§ Data shown
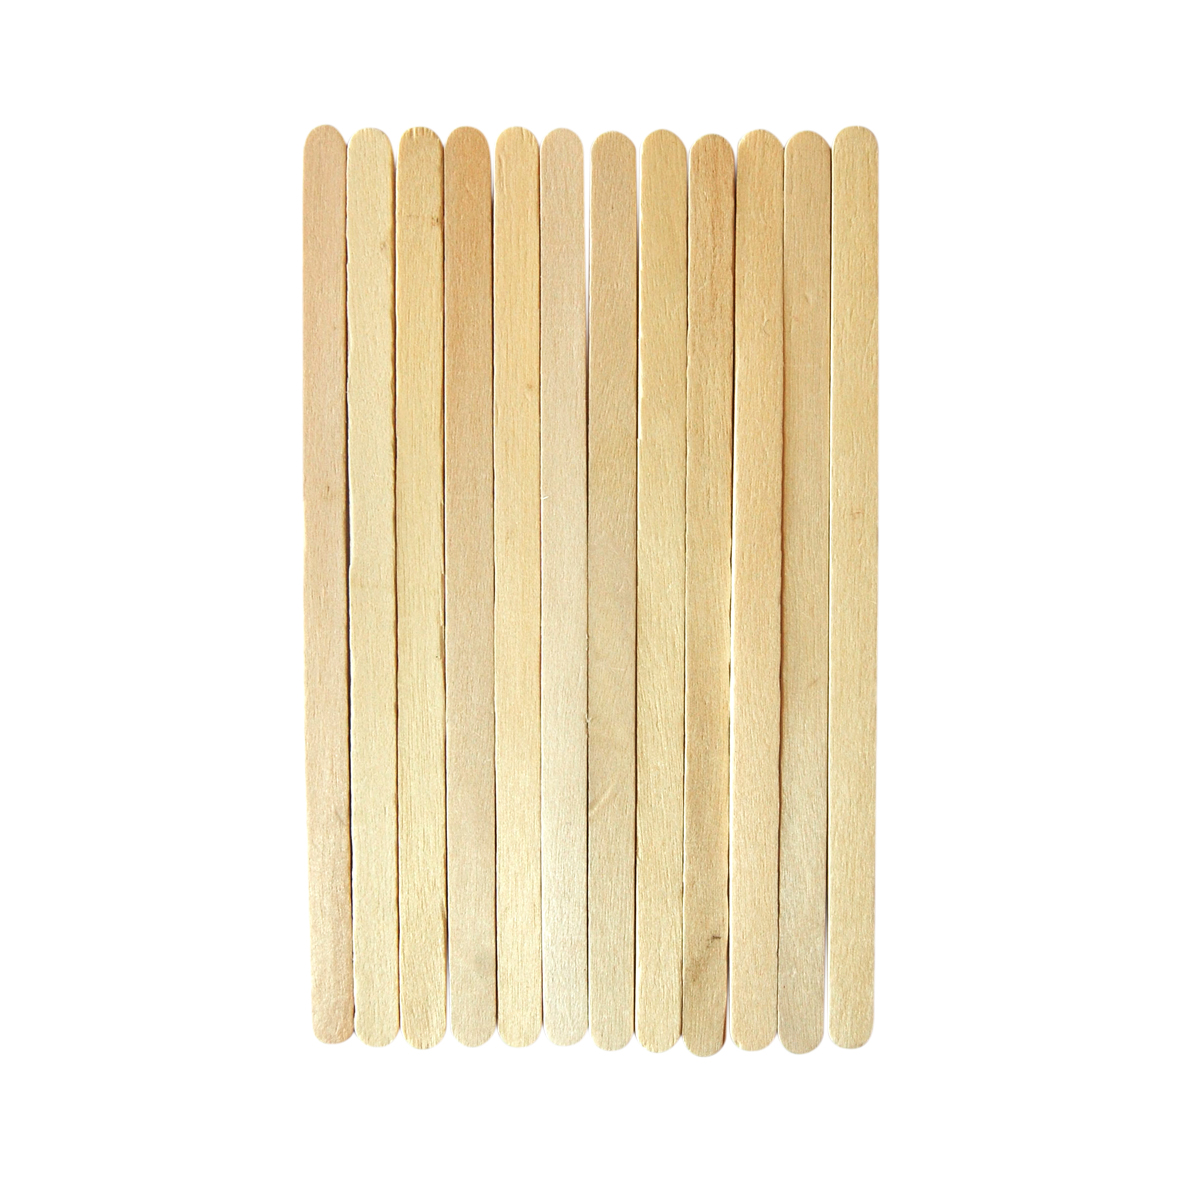 Wooden Stir Sticks, 14 cm
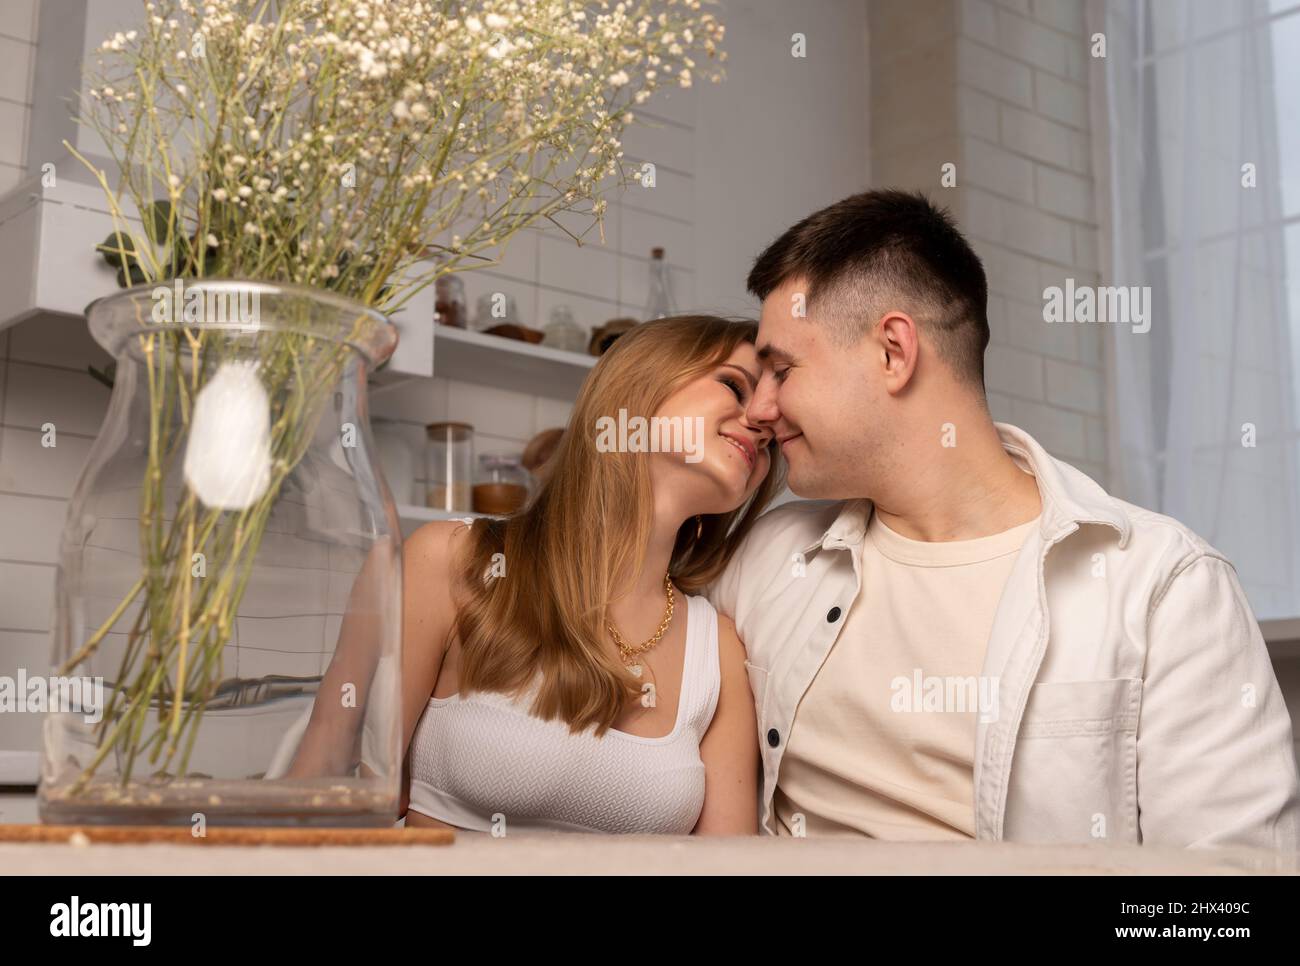 Coppia felice seduta al tavolo da cucina, baciando delicatamente e guardandosi l'un l'altro. Concetto di amore e romanticismo. Foto di alta qualità Foto Stock
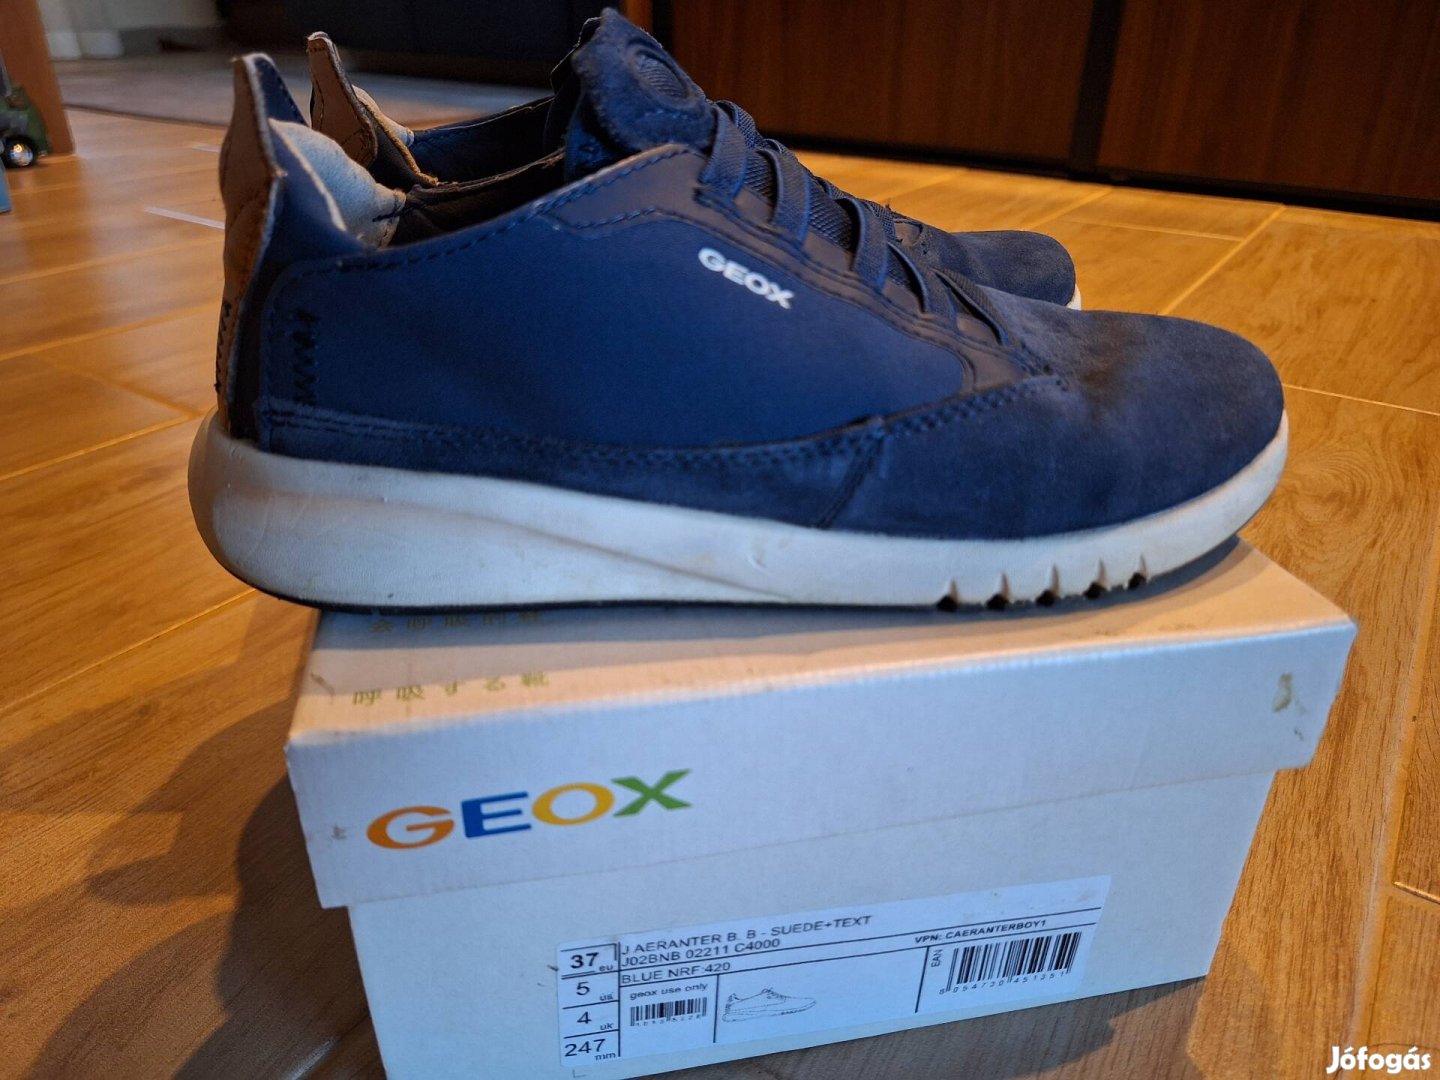 Geox 37-es szinte új cipő

§ Problem details
Reproduce every line above as written, skipping pictures.

§ Written reply
 Wooden Stir Sticks, 14 cm
 Coppia felice seduta al tavolo da cucina, baciando delicatamente e guardandosi l'un l'altro. Concetto di amore e romanticismo. Foto di alta qualità Foto Stock
 Geox 37-es szinte új cipő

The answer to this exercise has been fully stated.